Dr Tamas Agh of the Syreon Research Institute in Hungary, one of the Working Group Leaders, has been elected Chair of the ISPOR Medication Adherence and Persistence Special Interest Group for 2024 and Chair-elect of the ESPACOMP International Society of Medication Adherence for the same year, with the chairmanship starting in 2025. “My participation in the ENABLE COST Action has significantly broadened my professional network,” says Tamas. “This initiative has connected me with leading adherence researchers from over 40 countries across Europe. Through collaborative research projects, joint meetings, and training schools facilitated by ENABLE, I have fostered knowledge exchange and built lasting collaborations. The COST Action Dissemination Conference Grant was instrumental in enabling me to attend the ISPOR Europe conference in 2022, where I engaged with other experts in the field, further broadening my professional horizon.

A specific example of how ENABLE has contributed to advancing Tamas’s research projects is a study funded by the GATEKEEPER Twinning programme. Tamas worked with Polish ENABLE member Professor Kardas, the Director of the Medication Adherence Research Centre (MARC) at the University of Lodz. The partnership between the University of Pécs, the Center for Health Technology Assessment and Pharmacoeconomic Research, and the Medical University of Lodz led to the introduction of the ‘My Health Every Day’ application in Hungary and the establishment of the first Hungarian medication adherence research center.

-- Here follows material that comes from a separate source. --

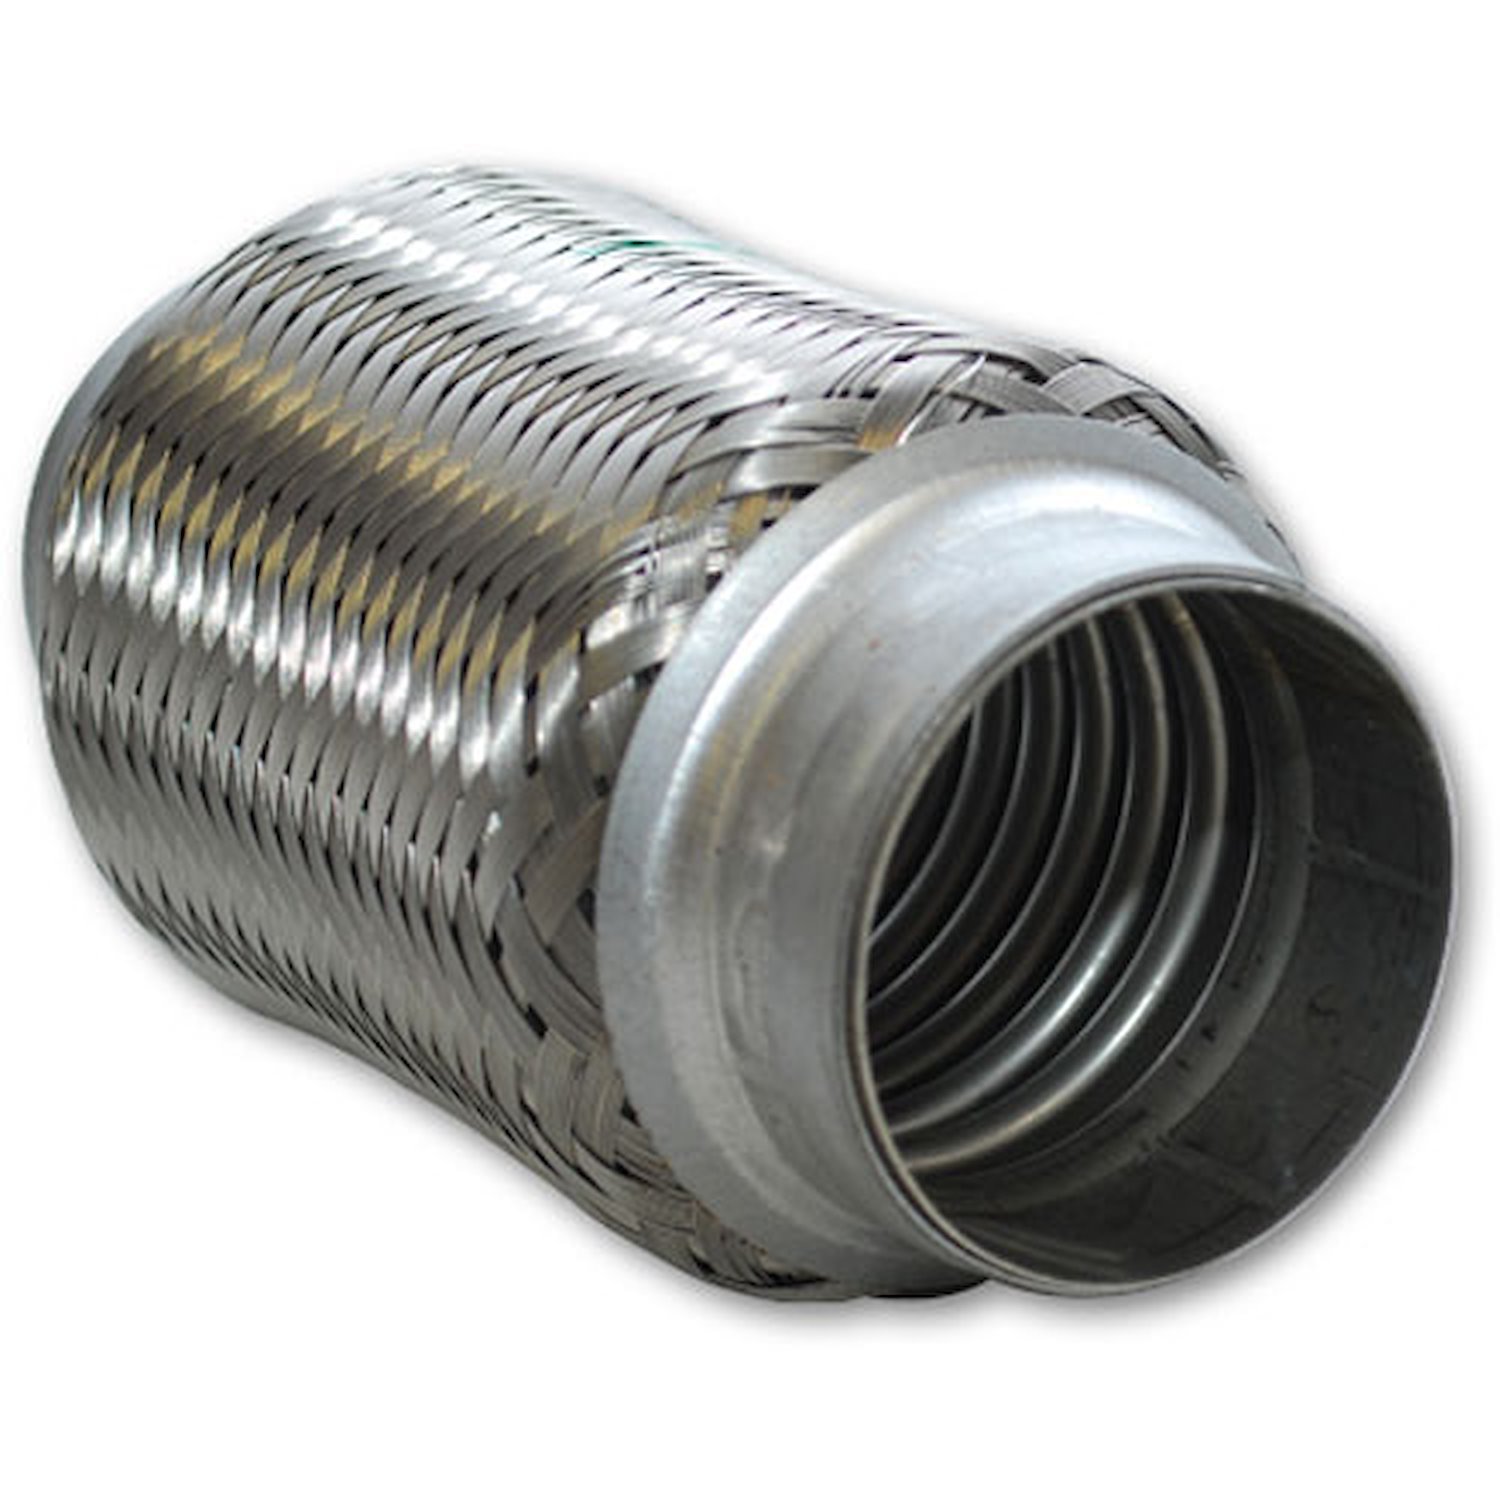 Standard Flex Coupling Without Inner Liner 2" Inlet/Outlet Diamater

Two men sitting and smiling
Prof. Kardas and Tamas Agh
A young woman standing in front of the screen
Dr Ines Potočnjak

Dr Ines Potočnjak, a young Working Group Leader from the Sestre Milosrdnice University Hospital Center; School of Medicine Catholic University of Croatia, was given the opportunity to coordinate a large, international, and multidisciplinary team at an early stage of her career through the ENABLE Action. She also co-edited two special editions of highly regarded journals, wrote papers, and organised meetings. “When I reflect on the past, I am struck by the remarkable developments in our professional and personal lives”, Ines confided. “Some members of the group changed jobs, advanced in their careers, relocated to different countries, expanded their families, and along the way, we became friends. Despite these changes, we continued to progress professionally and personally and established an outstanding pan-European research group. I am extremely fortunate to work with these individuals, gain insights from them, and advance medication adherence research with them. Our work goes in line with a maxim quoted during our meeting: ‘If you want to go fast, go alone; if you want to go far, go together.’ I am confident that we will continue to work together on this project.

Dr Alexandra Lelia Dima is a Working Group Leader and a health psychologist and Principal Researcher at the Avedis Donabedian Research Institute – Autonoma University of Barcelona (UAB), and Senior Researcher in the PRISMA Research Group, at the Fundació Sant Joan de Déu in Spain. She has been researching medication adherence as a set of behaviours performed by different people—medication users, health professionals, carers, etc.—and how it can be measured and supported. Her work in ENABLE has allowed her to integrate health psychology concepts and methods into the overarching framework developed by the Action, thereby defining the common ground of medication adherence as an applied area of research and practice. “This work will continue beyond the ENABLE project timeframe, and I am pleased to see that health psychology is well represented and integrated into the work of colleagues from other disciplines as they describe and plan their medication adherence interventions and tools,” says Alexandra. “The ENABLE network reinforced my identity as a researcher and provided me with the tools to navigate this new environment.”

A woman with short hair is sitting and smiling
Dr Alexandra Lelia Dima

In summary, the ENABLE COST Action has created a multidisciplinary network of relevant stakeholders working together towards an economically viable implementation of medication adherence-enhancing technologies in European healthcare systems.